# I'm raging!



## Koshka (Dec 18, 2012)

Hello everyone!

Most of my posts were about soap related questions, and I've received tremendous amount of help from many of you. Many thanks!

Today I am writing about something that has happened at a local craft fair this past weekend. This was my second craft fair, over 20k people attending and there were five other soap vendors. I had no problem being almost sold out, (considering the fact that I make 100+ lbs of soap per day lol), I had to dip into my "wholesale" stockpile, but everything worked out great. 

I'll stop patting myself on the back now and will get to the topic of this post:

One of the five soap vendors was a guy who also was selling CP. I understand that he has been in years over 12-15 years and he's the local go to person for CP soap. With all these years in business behind his belt, I would expect for him to act at least a bit more professional. He walked up to every single one of us and openly, in front of our customers bashed our products. He made one poor girl cry because he said that her M&P soap was not a real soap and that she shouldn't continue making it. (the F&^K????) Other sellers suffered from remarks such as: your scents are not strong enough, your lotion bases are pre-made, your soap is too hard and so on.
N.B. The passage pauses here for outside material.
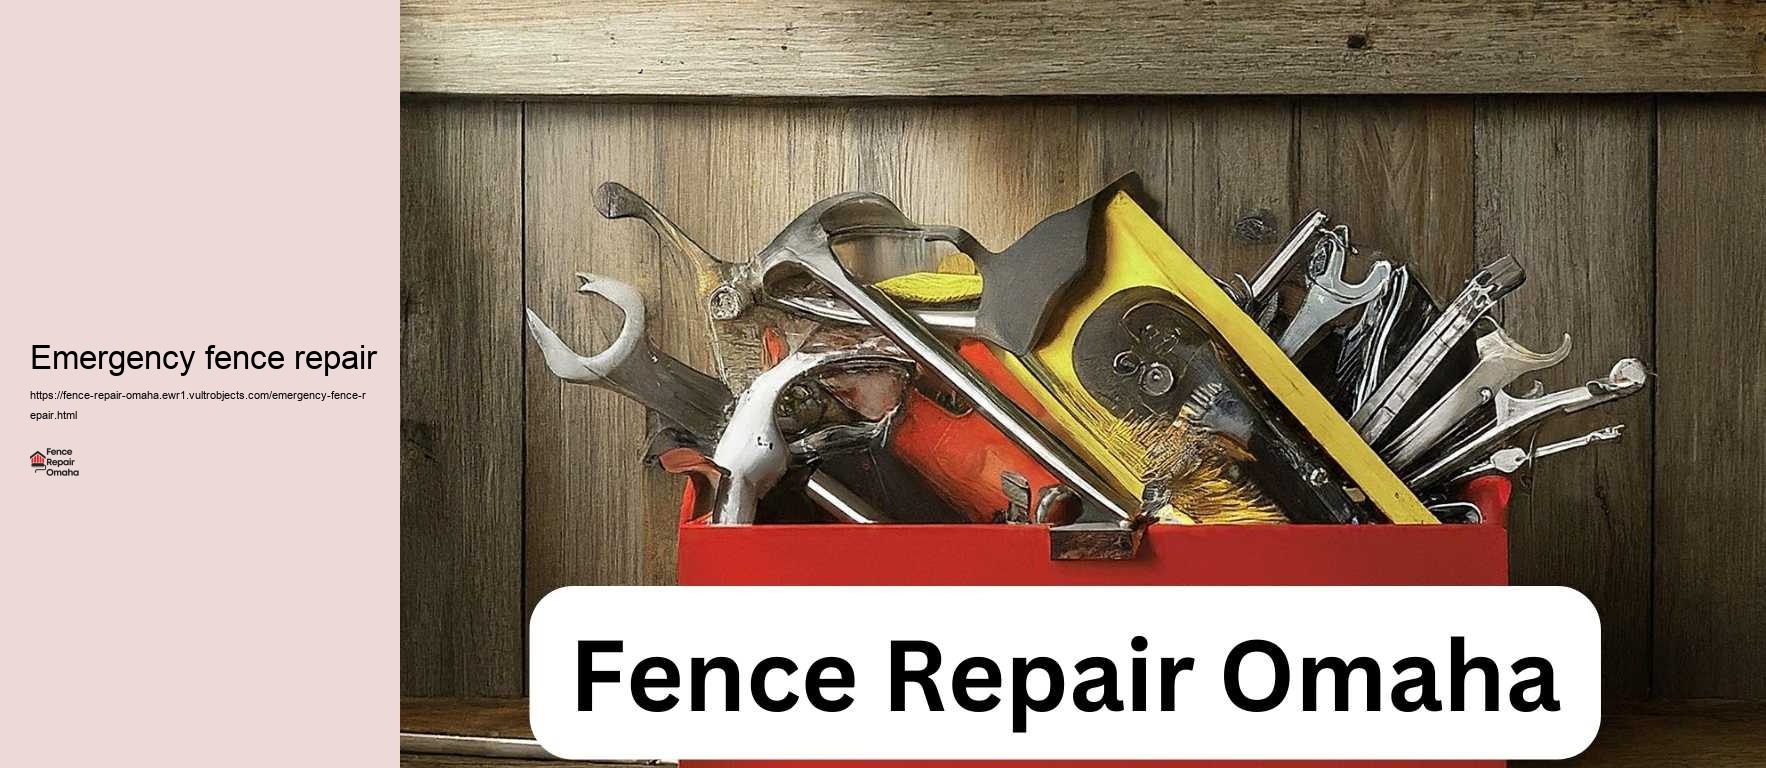 Emergency fence repair

When he came around my booth, he started grabbing my soap, throwing it back on the table, smelling it, almost aggressively. I thought to myself: "what a weird customer", smiled and asked him if I could be of any help (not knowing that he was one of the other vendors). He plainly ignored me for the next couple of minutes, then bluntly asked: "What's your soap recipe?" I pointed to my ingredients list saying that I use all of those oils. "Yeah, yeah, but what's the actual percentage?" - He continued to press me. "Where do you buy you fragrances?" At that point my "bodyguard" looking boyfriend figured out that something was off and responded: "That's our trade secret." The soap guy understood that he won't get much more out of us, smelled a couple of my soaps, threw them back and left without saying anything else. THE NERVE!

Later on I walked around the craft fair, greeted and met other soap makers (made a bunch of friends too  ), told them about the weird guy I've met and that's when I found out that I wasn't the only one that suffered the wrath of this soap guy. I went by his booth and stopped by, wanting to say "Hello". He plainly turned his back and ignored me.

I am very friendly and supportive of other soapmakers, I respect them and understand that everyone has a place under the sun. I will always support them and buy their products as well. And once they felt my friendly vibe, a lot of them reached out to me, giving great advices and support.

All except this one prick that has left me raging and seeking justice.


----------



## AlchemyandAshes (Dec 18, 2012)

Maybe he was just pissing on his "territory"  :roll: Just a sign of insecurity if you ask me...

If I were a customer and saw how he acted, then realized he was another vendor, there is NO WAY I would purchase from him. It is ignorant and childish to think that you are the only one that knows how to make soap, or that you will be the only vendor at a show. I don't even consider the other soap vendors "competition"...we all have our own schtick...some folks want "all natural", some want "pretty soap", some want both...whatever. Soap isn't like jewelry or a collectable that will last forever. You use it and buy more. There's enough dirty people in the world for all of us.   

Just keep doing what you're doing...friendliness goes a long way, especially if you already have a quality product  :wink:


----------



## Koshka (Dec 18, 2012)

You're right, Shawnee, he's probably just a sad person with no life and load of insecurities. But I still wanna punch him in something tender.


----------



## Chay (Dec 18, 2012)

Koshka said:
			
		

> You're right, Shawnee, he's probably just a sad person with no life and load of insecurities. But I still wanna punch him in something tender.


----------



## AlchemyandAshes (Dec 18, 2012)

Koshka said:
			
		

> But I still wanna punch him in something tender.


I'll hold him still for ya  :twisted:


----------



## Genny (Dec 18, 2012)

Sounds like a giant ass.  I think you guys handled it very well though, I would have been tempted to wallop him with a couple bars of soap.


----------



## Koshka (Dec 18, 2012)

Lol, I think that guy is misunderestimating  (my favorite Bushism) the power of annoyed people. If he continues in such manner, he might end up with some bad reviews or even a BBB complaint. Mwhahahaha (evil grin)


----------



## Birdie Wife (Dec 30, 2012)

THis guy was clearly rattled by the awesomeness of your products and recognised he had some real competition on his hands. He is raging because he doesn't know your secrets and he is a petty control freak. Trust me, I've met a few! He doesn't deserve your anger - he's just a little man and beneath your concern.

(hugs)


----------



## lsg (Dec 30, 2012)

I would have to agree that this guy clearly felt threatened.  What a jerk!


----------



## SimplyMadison (Jan 3, 2013)

I feel like I would have had a very angry mental freak out lol I can't stand rude soapers. They act like they never had a role model or someone they bought soaps from. When I go to shows, we usually ALL buy from each other and comment on how pretty/nice/well made the other soapers products are. I don't understand how someone else can just be a jerkbag when it comes to something so creative.


----------



## kdaniels8811 (Jan 3, 2013)

Hasn't he figured out there is enough business for all of us, considering soap is a product that gets used up, then you need more.  And everyone I know showers or bathes regularly - smile!  He was incredibly rude and I would not of been as professional/courteous as you were.  

You handled it very well and I agree, he feels threatened which just means your products are superior!  Don't give him another thought, he is pathetic to treat people so meanly.  Karma... what goes around comes around.


----------